◆ PROVIDED DATA
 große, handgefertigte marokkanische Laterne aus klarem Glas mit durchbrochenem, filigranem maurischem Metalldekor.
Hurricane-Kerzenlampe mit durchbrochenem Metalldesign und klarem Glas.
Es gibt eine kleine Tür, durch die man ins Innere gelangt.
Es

---

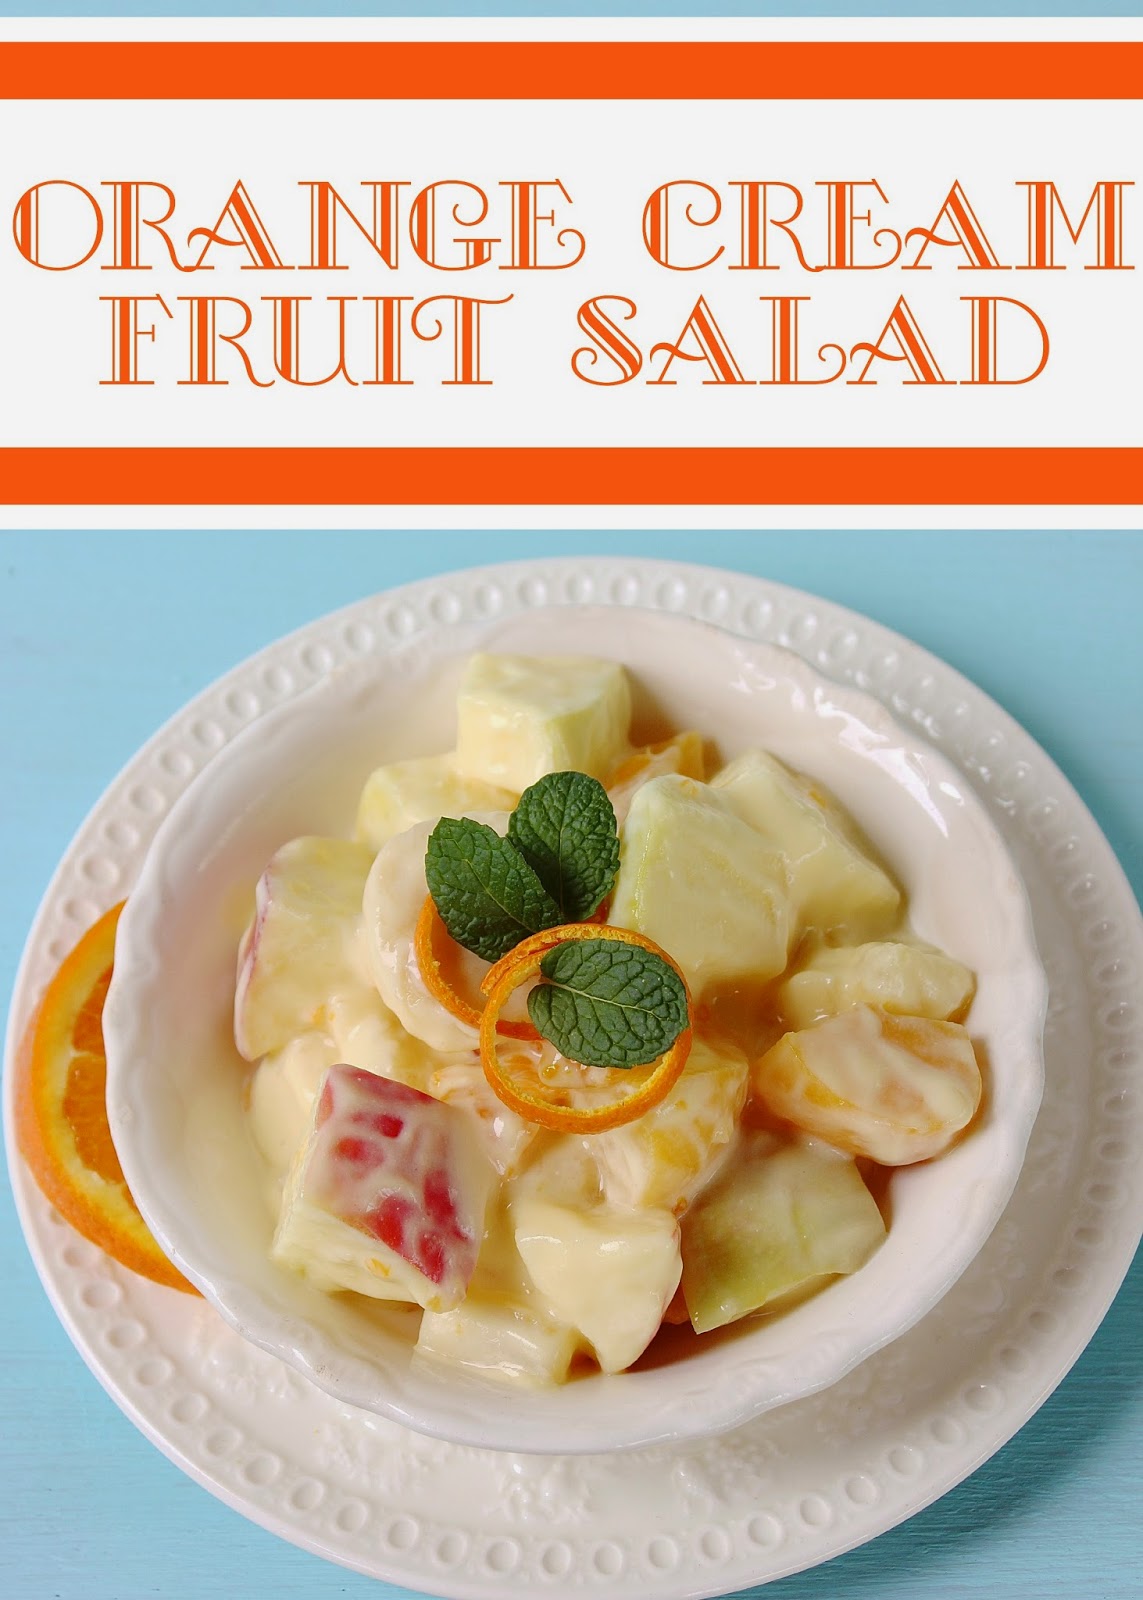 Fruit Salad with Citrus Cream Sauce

◆ EXERCISE AIM
Every line containing the word "durchbrochenem" should be copied from the material.

◆ SOLUTION TO THE PROBLEM
 große, handgefertigte marokkanische Laterne aus klarem Glas mit durchbrochenem, filigranem maurischem Metalldekor.
Hurricane-Kerzenlampe mit durchbrochenem Metalldesign und klarem Glas.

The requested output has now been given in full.